§ **About this exercise**
Your task is to transcribe all the entries exactly, excluding pictures.

§ **Data extract**
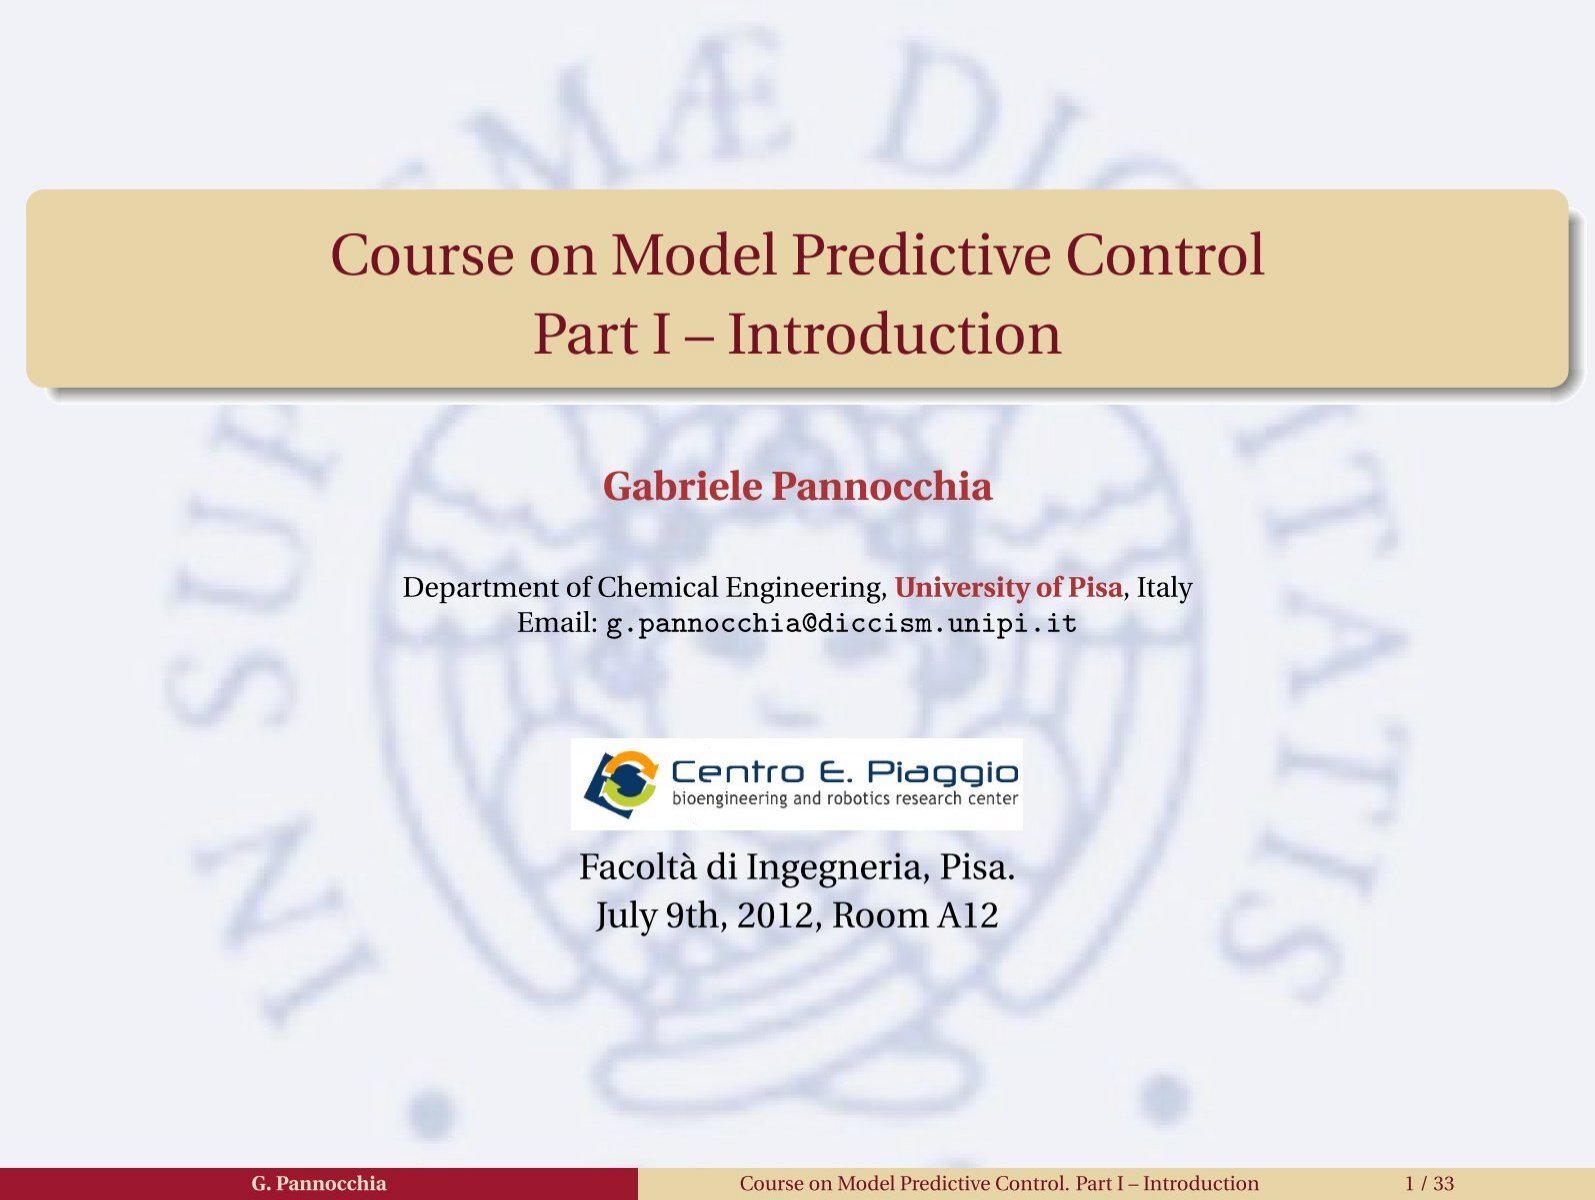 Course On Model Predictive Control Part I Centro E Piaggio
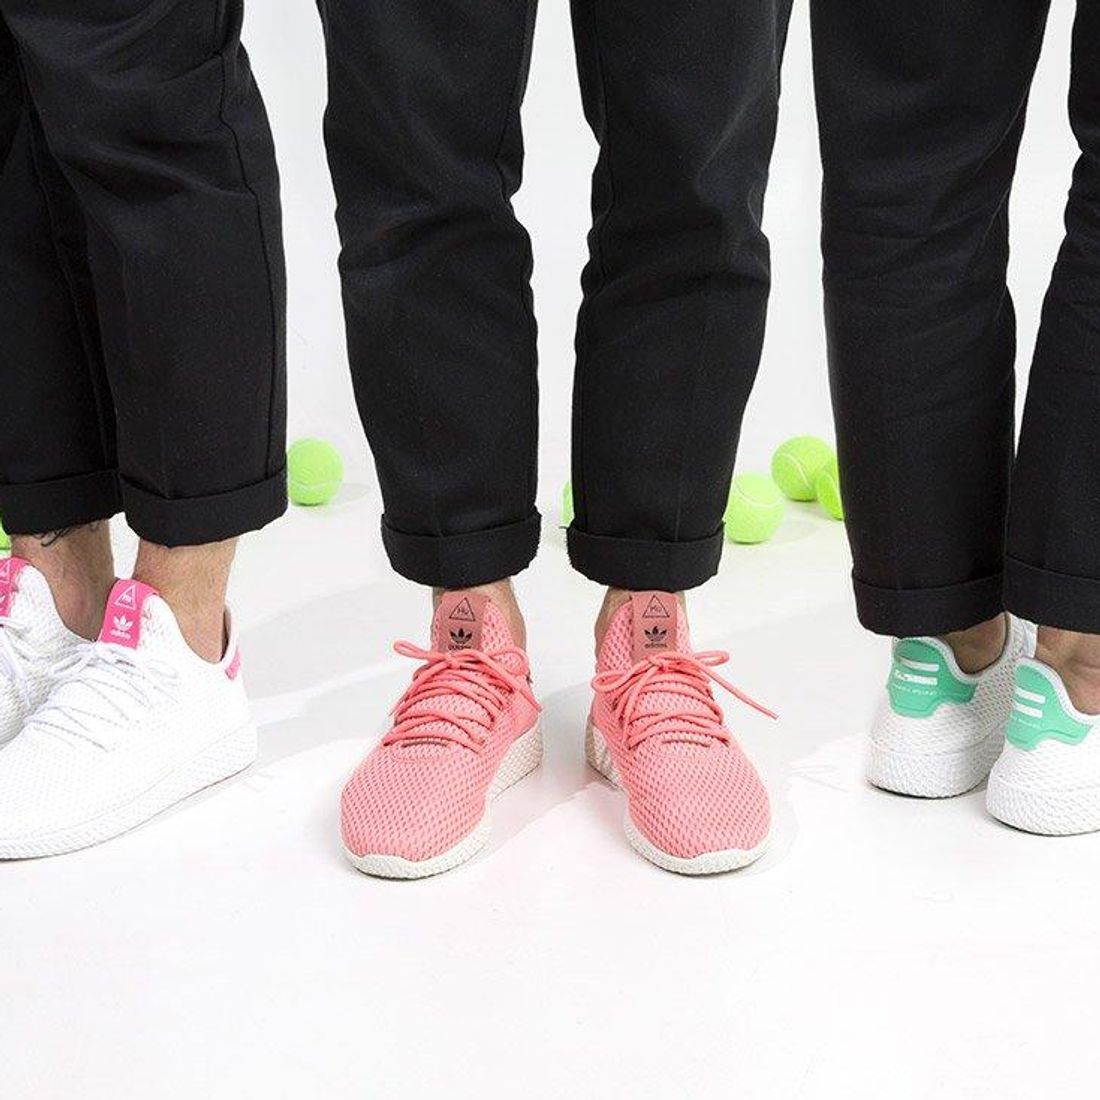 An On-Feet Look At The Pharrell Williams x adidas HU POD S3.1
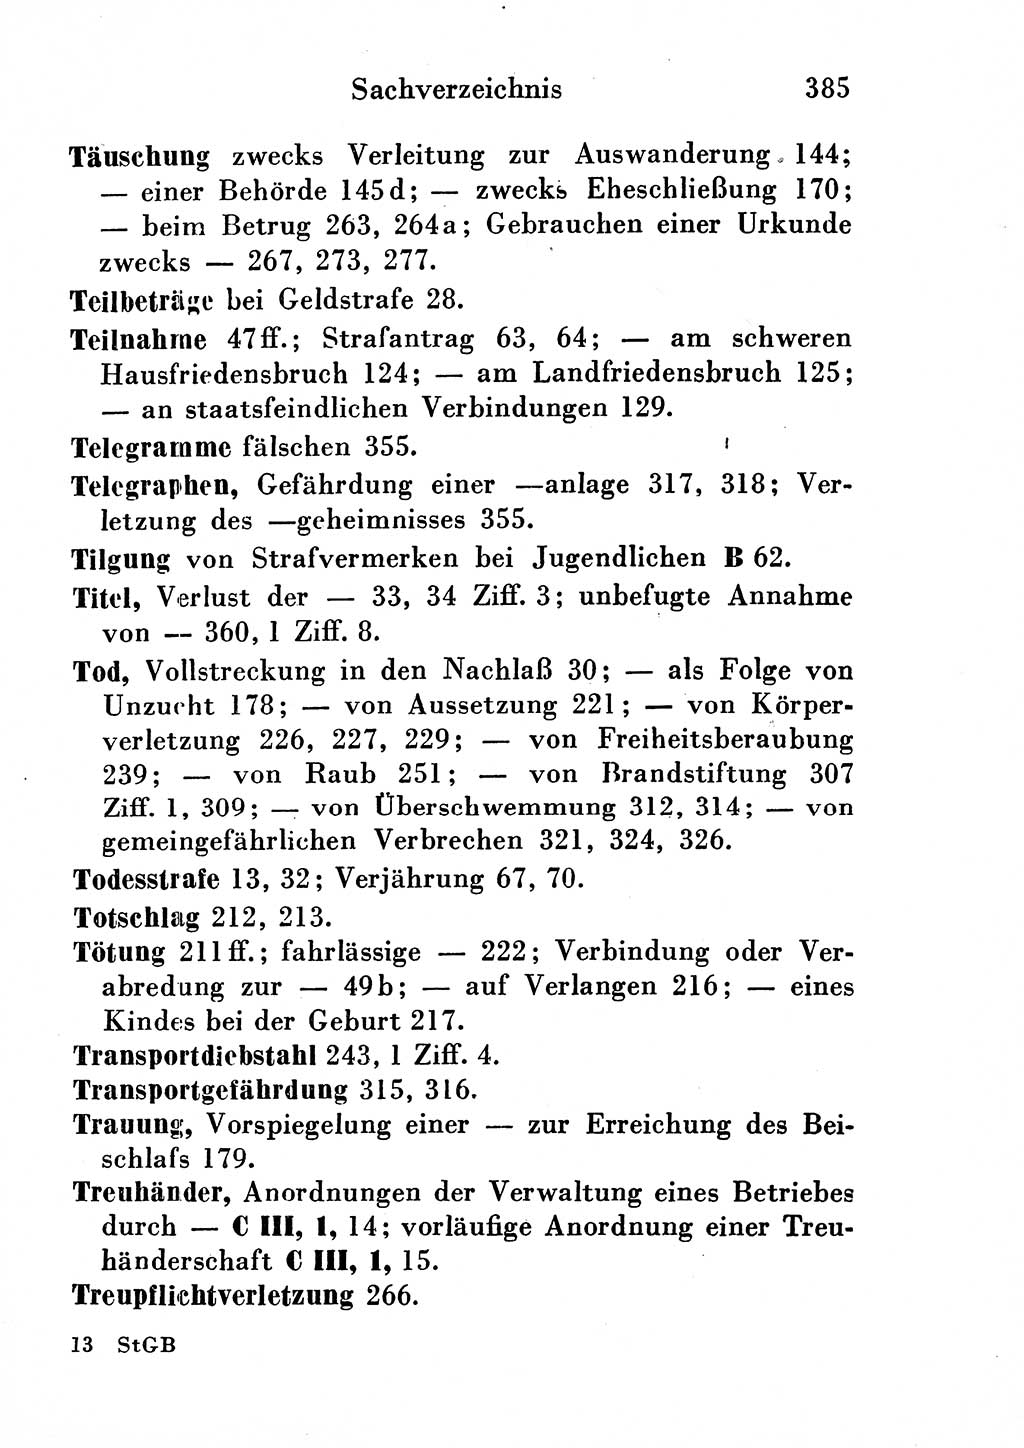 Strafgesetzbuch (StGB) und andere Strafgesetze [Deutsche Demokratische Republik (DDR)] 1954, Seite 385 (StGB Strafges. DDR 1954, S. 385)
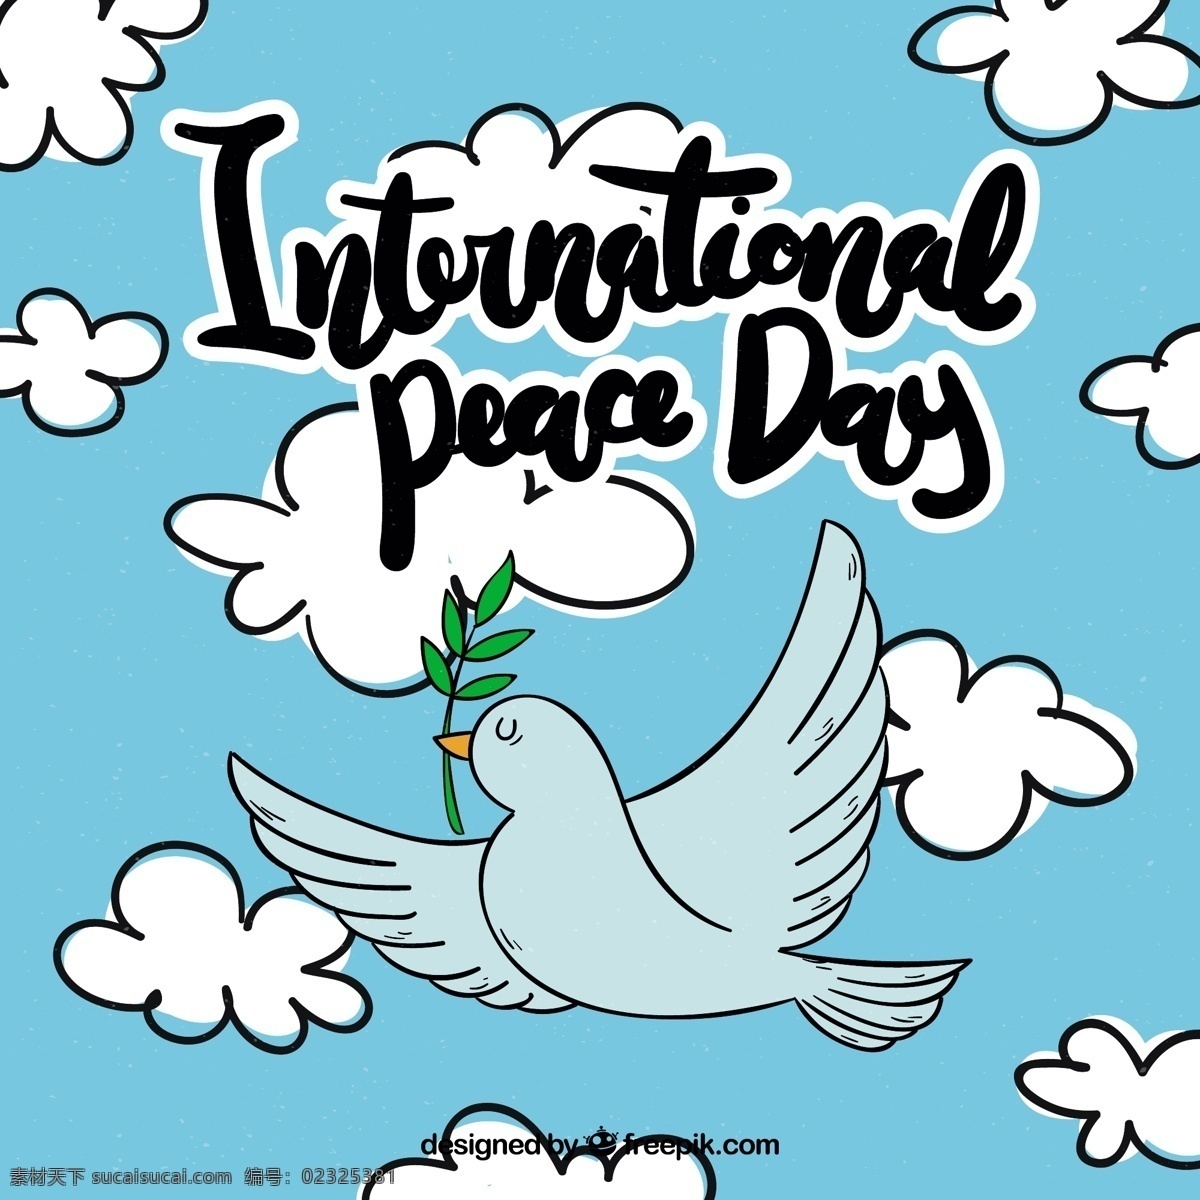 桂花月桂树 手 教育 树叶 蓝色 卡通 天空 世界 手绘 庆祝 快乐 节日 云彩 快乐的假期 绘画 帮助 未来 有趣 和平
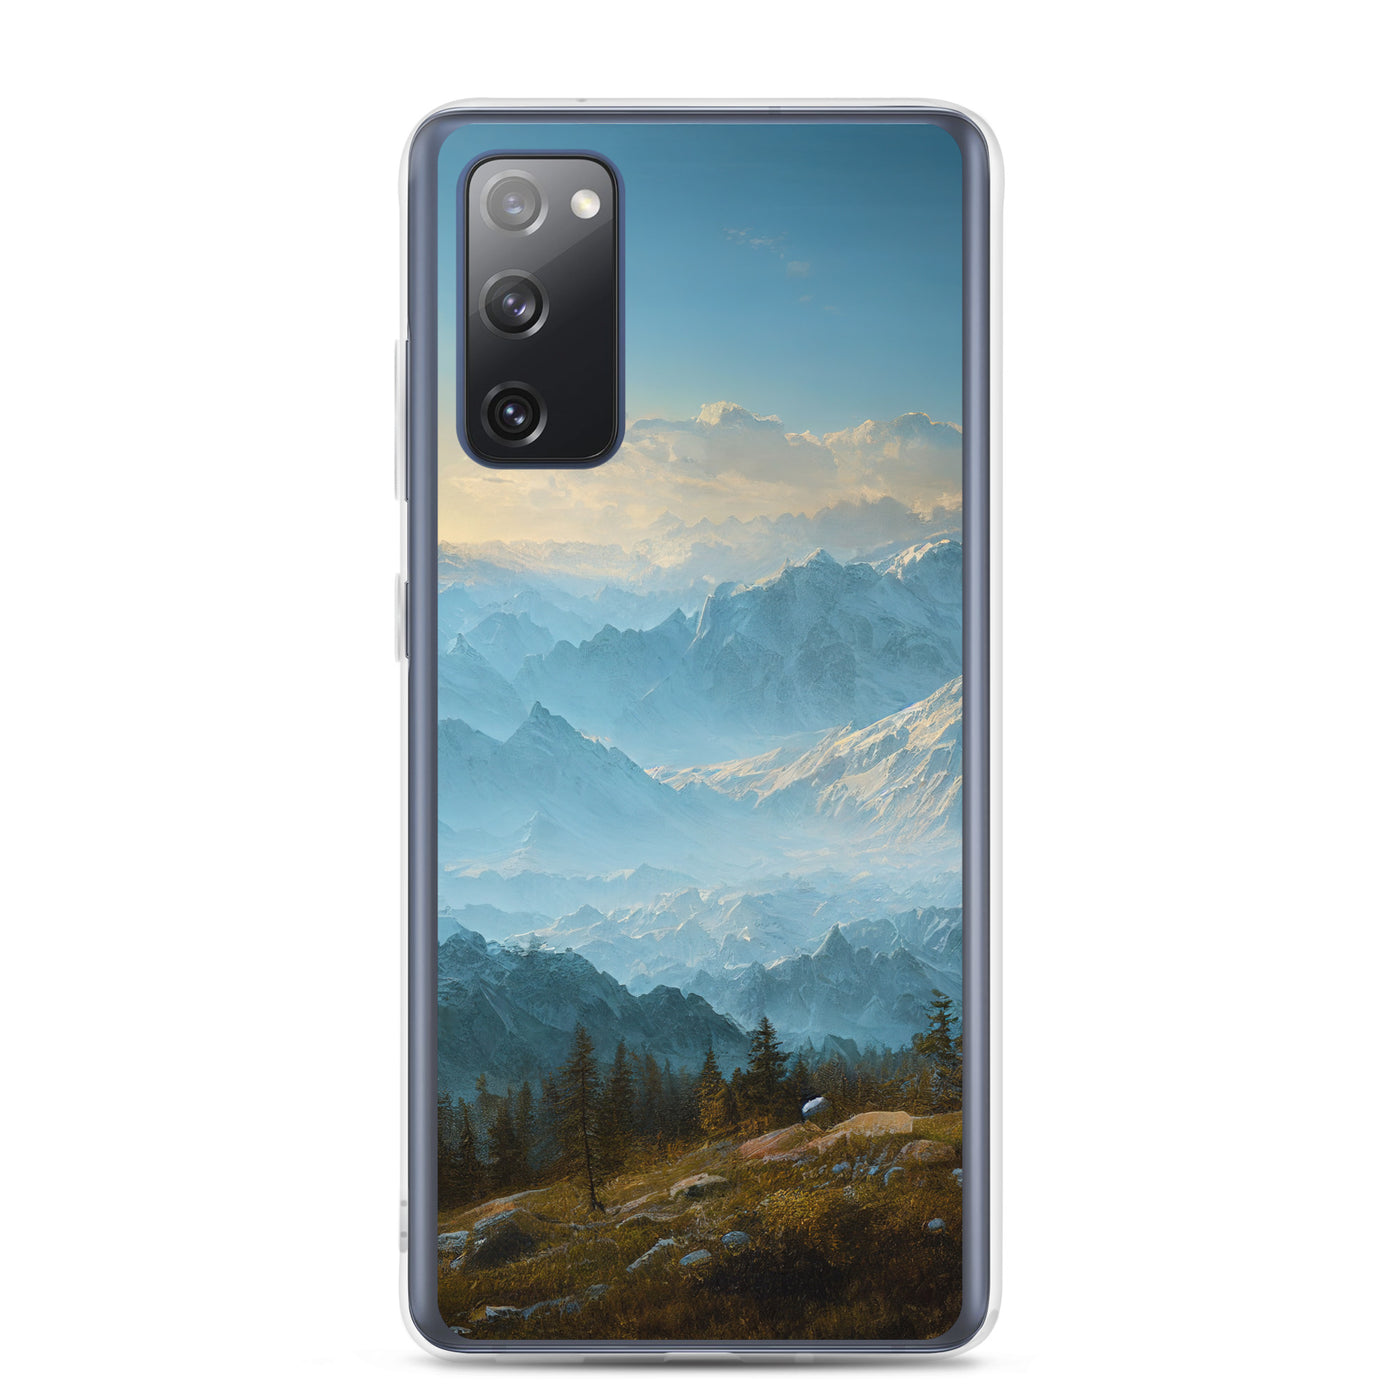 Schöne Berge mit Nebel bedeckt - Ölmalerei - Samsung Schutzhülle (durchsichtig) berge xxx Samsung Galaxy S20 FE

§ **Task response**
 Course On Model Predictive Control Part I Centro E Piaggio
 An On-Feet Look At The Pharrell Williams x adidas HU POD S3.1
 Strafgesetzbuch (StGB) und andere Strafgesetze [Deutsche Demokratische Republik (DDR)] 1954, Seite 385 (StGB Strafges. DDR 1954, S. 385)
 桂花月桂树 手 教育 树叶 蓝色 卡通 天空 世界 手绘 庆祝 快乐 节日 云彩 快乐的假期 绘画 帮助 未来 有趣 和平
 Schöne Berge mit Nebel bedeckt - Ölmalerei - Samsung Schutzhülle (durchsichtig) berge xxx Samsung Galaxy S20 FE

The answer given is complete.